(Records to use):
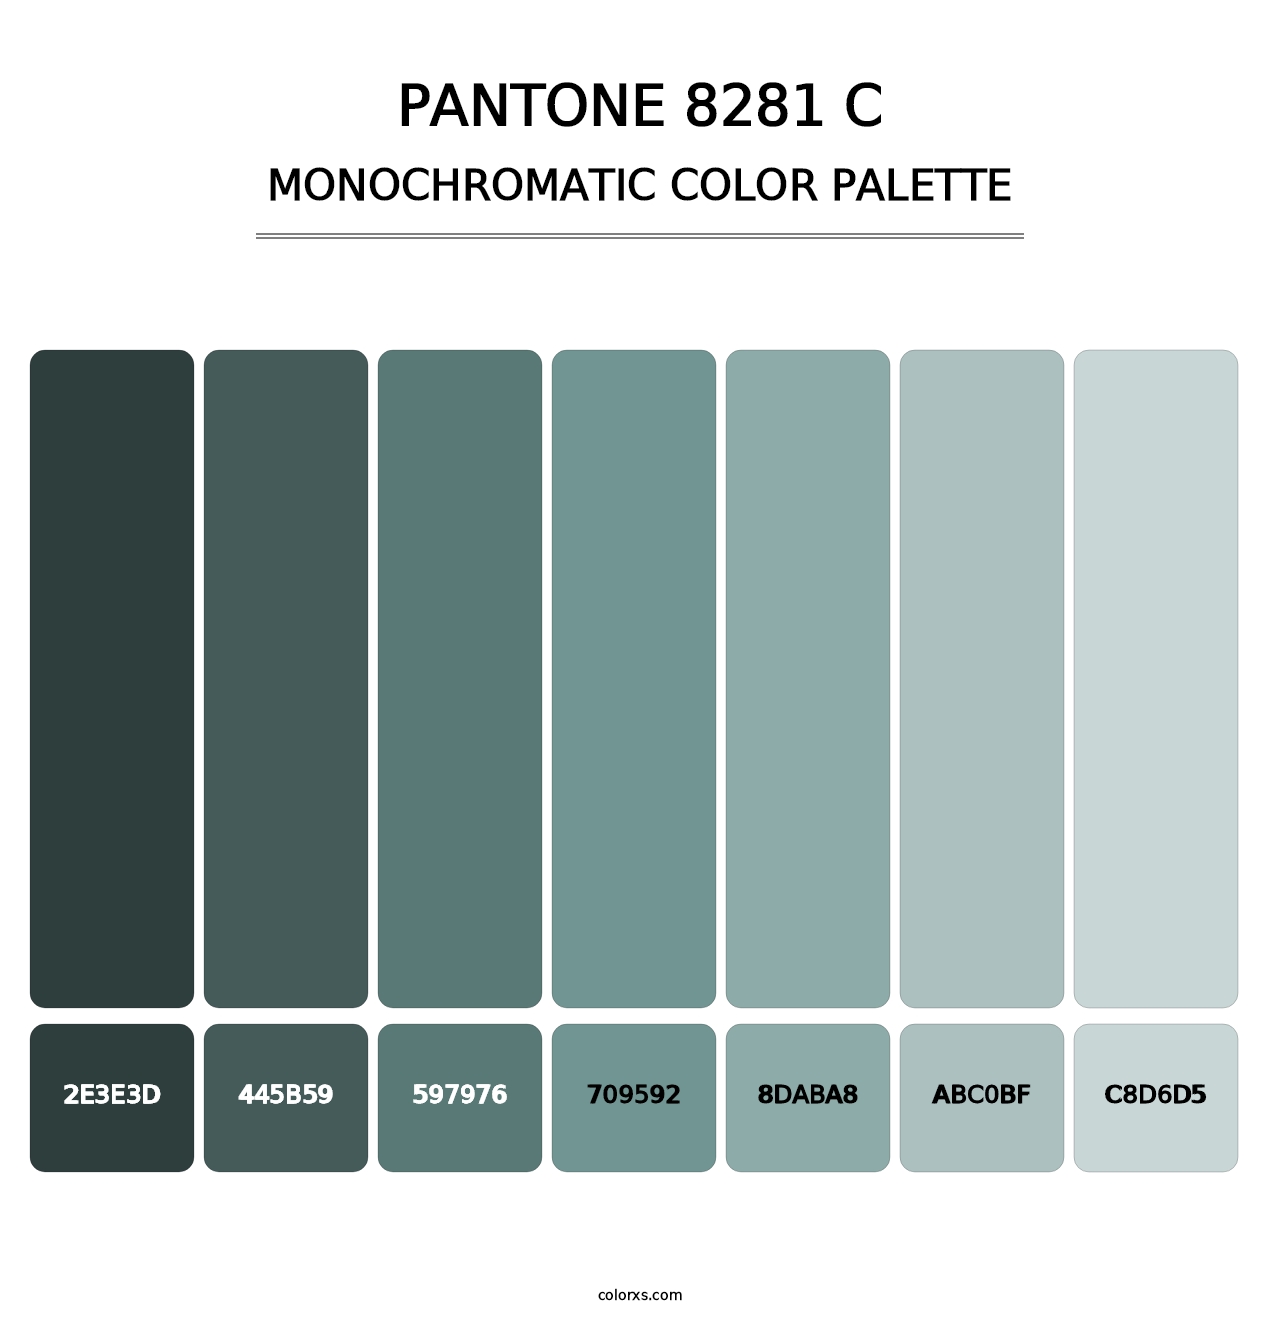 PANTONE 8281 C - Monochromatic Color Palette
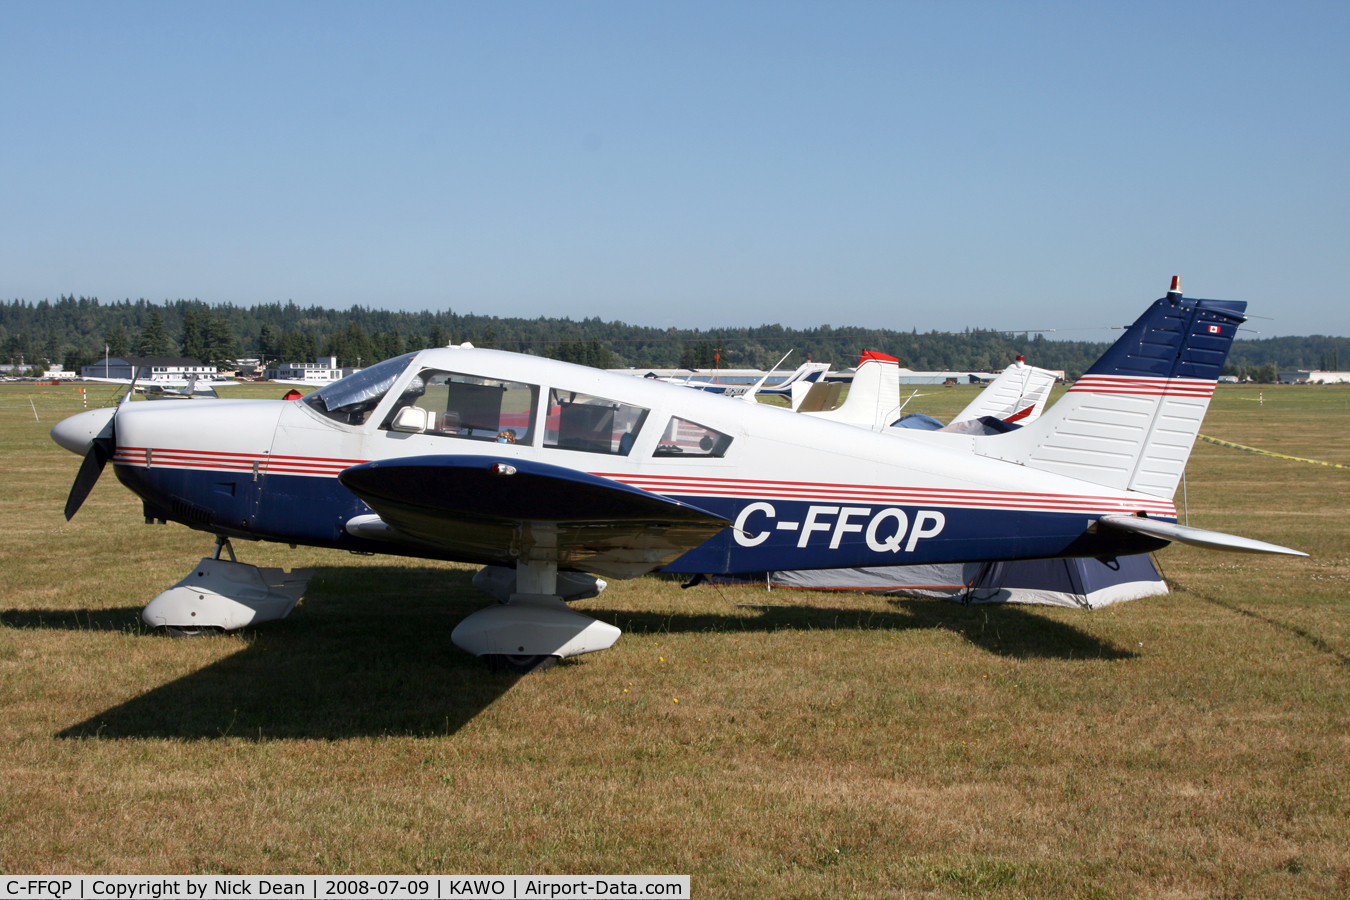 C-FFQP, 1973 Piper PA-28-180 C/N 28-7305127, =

...

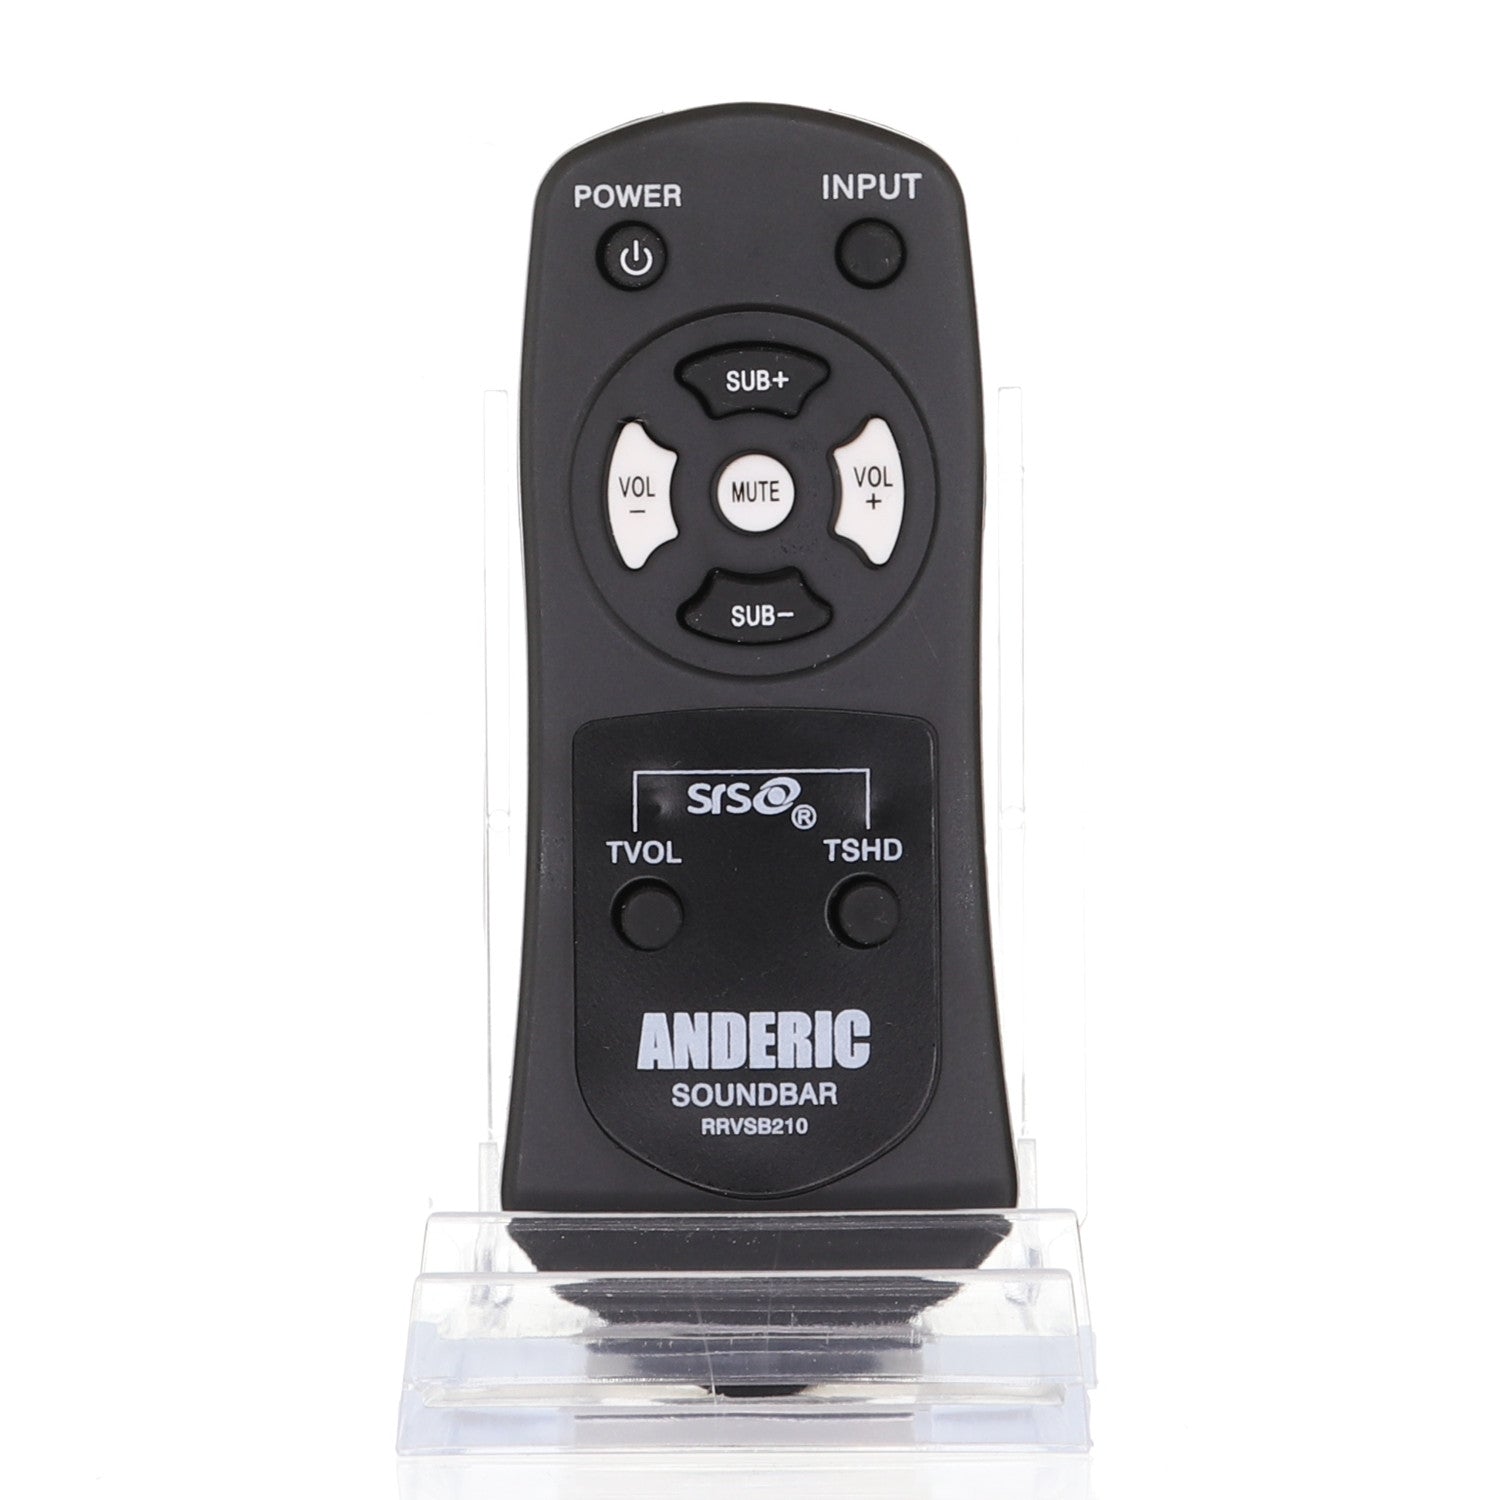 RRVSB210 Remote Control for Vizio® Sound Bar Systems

(What the exercise asks):
Exactly the lines above, from the one containing "PANTONE 8281 C - Monochromatic Color Palette" down to the one containing "C-FFQP, 1973 Piper", are to be repeated, including both ends. Pictures are not part of the copy.

(Response):
 PANTONE 8281 C - Monochromatic Color Palette
 C-FFQP, 1973 Piper PA-28-180 C/N 28-7305127, =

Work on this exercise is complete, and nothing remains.